С толстяком, которого Дюма мысленно окрестил "быком", встреча состоялась еще раньше. Неделю назад Александр стоял на берегу Сены под деревом и наблюдал, как дятел-отец учит своего птенца долбить клювом по дереву. Забавное зрелище!
Почему-то вспомнился собственный отец. Генерал, во времена императора Наполеона командовавший Альпийской армией, был фантастической храбрости и отваги человеком. Для него не существовало невозможного. Однажды, где-то в Египте, на узком мосту он в одиночку отразил наступление целого эскадрона. Сына своего Александра, он успел научить очень-очень многому. Любить природу, охотиться на дичь...
Самая забавная история с ним приключилась в Алжире...
Но с удовольствием вспомнить эту историю Александр не успел.
-- Как пройти в Национальную библиотеку? -- раздался над его ухом сиплый голос. В нос ударила волна из чеснока и лука.
Дюма резко обернулся. Перед ним стоял какой-то бродяга.
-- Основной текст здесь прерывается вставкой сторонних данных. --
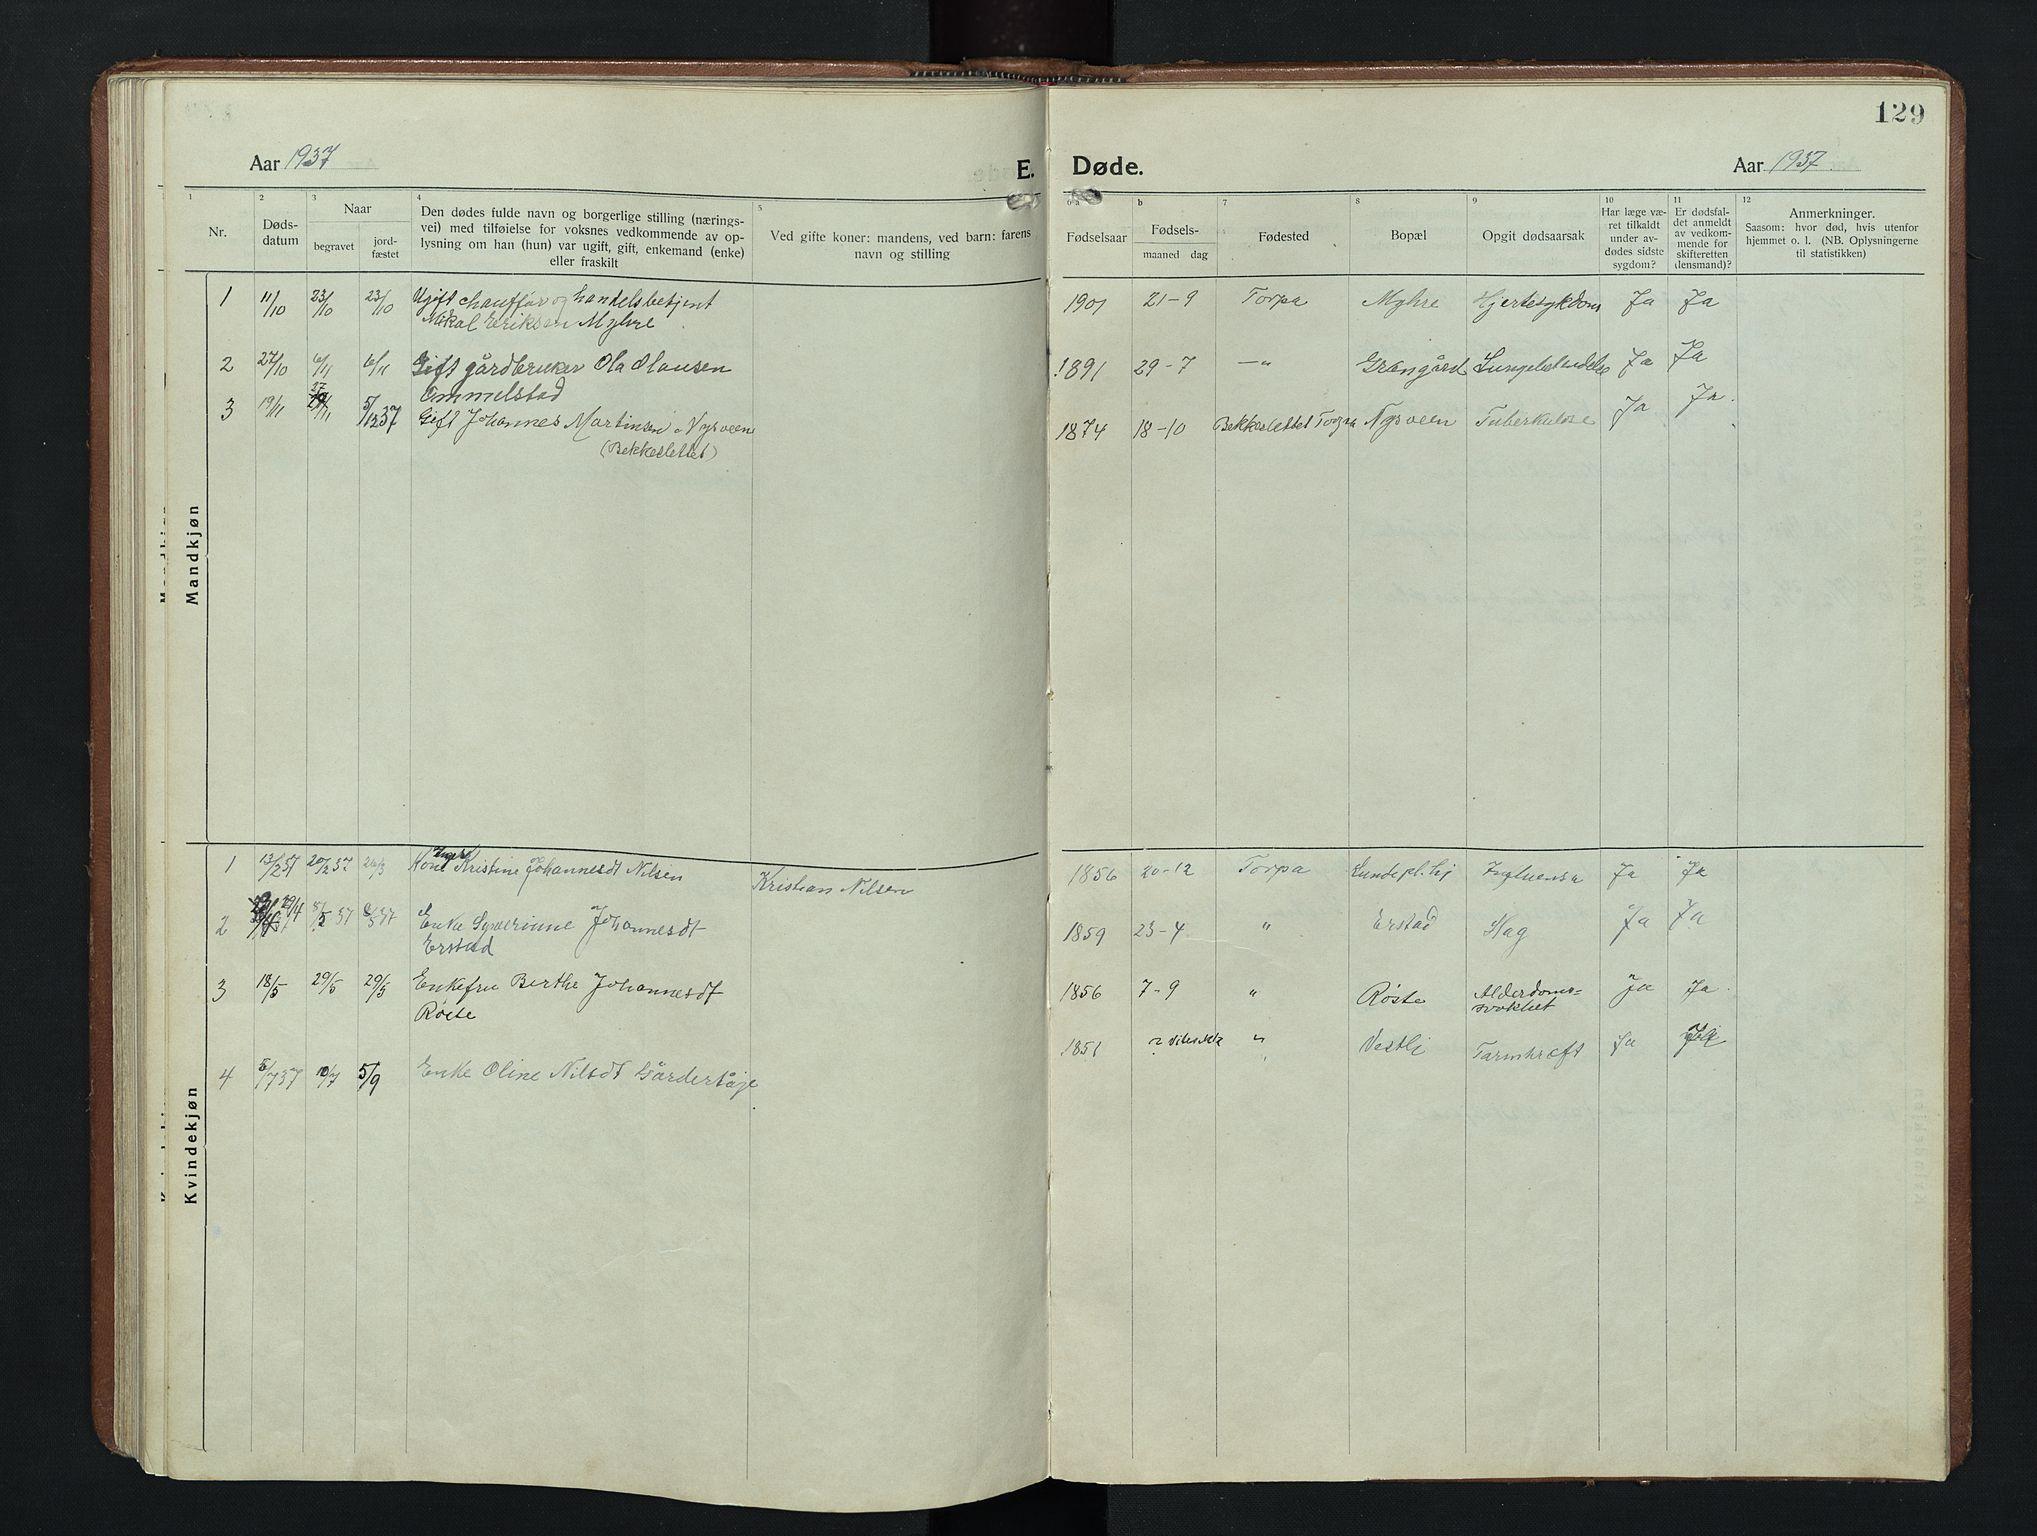 SAH, Nordre Land prestekontor, Klokkerbok nr. 9, 1921-1956, s. 129

Сильно помятый, явно нетрезвый и очень воинственный.
-- Тебе, приятель,.. -- усмехнулся Александр, -- не библиотека нужна, портовый кабак!
Несколько секунд писатель Дюма и наемный убийца Маркель, молча, смотрели друг другу в глаза.
"У-у-у, гад!" -- думал Маркель. "Небось, купается в деньгах!".
"Забулдыга! Из провинции!" -- думал Дюма. "Подрядился в речной порт сезонным рабочим. Наверняка, уже и оттуда выгнали. За пьянство. Силен, но ленив".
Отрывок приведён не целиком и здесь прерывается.